わずかの間、目を閉じた愛は魔道士メアリーの最期を幻視した。キャリーから聞いた魔道士メアリーの最期は、硝子の欠片のように愛の心に沈殿していた。


だが、再び目を開けた時、愛の視線は定まっていた。


「紗良、志津香をもとに戻すけん」

「え、できないよ!」

「エルデリアで浄化の練習はやったはず」

「浄化なんて、使ったことないよ!」

「いいから! さあ、手を出して!」


紗良が差し出した手のそれぞれを愛の手が握りしめた。単なる温かさではない力の奔流が沙良に流れ込んで、出てゆく。


「熱い塊が動いてる!」

「感じとれたね。いま紗良の左手に心のエネルギーを渡して、紗良の胸を通して、右手から放出させてる。

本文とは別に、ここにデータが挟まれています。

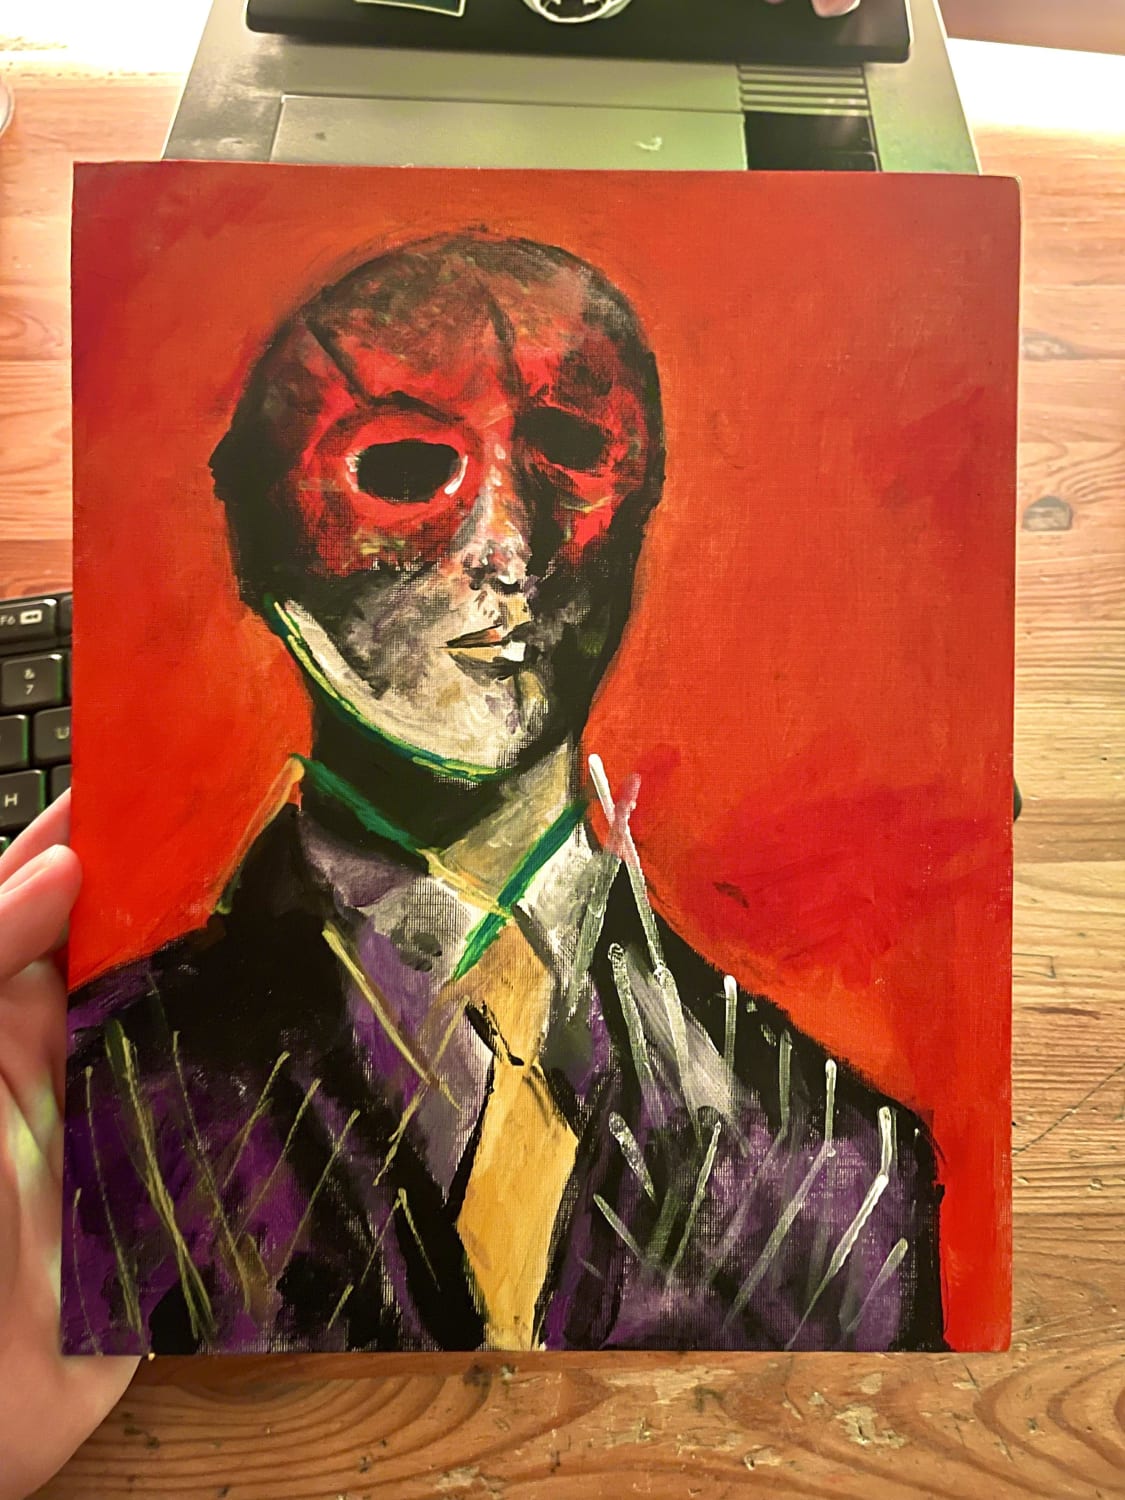 First time painting, I tried to paint the American Psycho book cover

 こんな感じで紗良の左手にこのエネルギーを渡すから、右手から放出して、志津香の中の瘴気に当てて欲しい。試してみよう」


紗良が右手を志津香の頭部に当て瘴気の位置を探ると瘴気を感じ取ることができた。瘴気はビー玉ほどの大きさの丸くて黒い球体のイメージだ。


「あった! これだ! ここからどうするの?」

「私は志津香の体の側面から瘴気にロックする。紗良は、同じ瘴気を、体の正面からロックする。そうすれば、志津香の体のなかの狙った部分でピンポイントで浄化が発動するはず」

「……私、怖いよ、愛」

「志津香を助けるために、絶対にやるよ!」


愛と紗良は片手を繋いだまま、床に横たわった志津香の両側の位置で、両膝をついた。愛は志津香の頭に左手をあて、目をつぶって、何かを探っているようだった。愛の額を玉のような汗が伝う。


「ここに指をあてて。分かる?」

「うん。志津香の心の間に瘴気がはさまってる」

「そうだよ。私はここに指をあてる。紗良はここに指をあてて。直交する角度で。感じた?

 ……いいね、いくよ、1,2,3、浄化!」


2人は志津香の頭部に指をあて、慎重に呼吸を合わせると、やさしく傷つけないように心のエネルギーを送り込んだ。


愛の指示のもと、2人は心のエネルギーをさらに送り込んだ。2人は極度の集中と疲労で何度も力が尽きかけたが、そのたびに、お互いを励まし合い、友人の無事だけを願い、浄化を続けた。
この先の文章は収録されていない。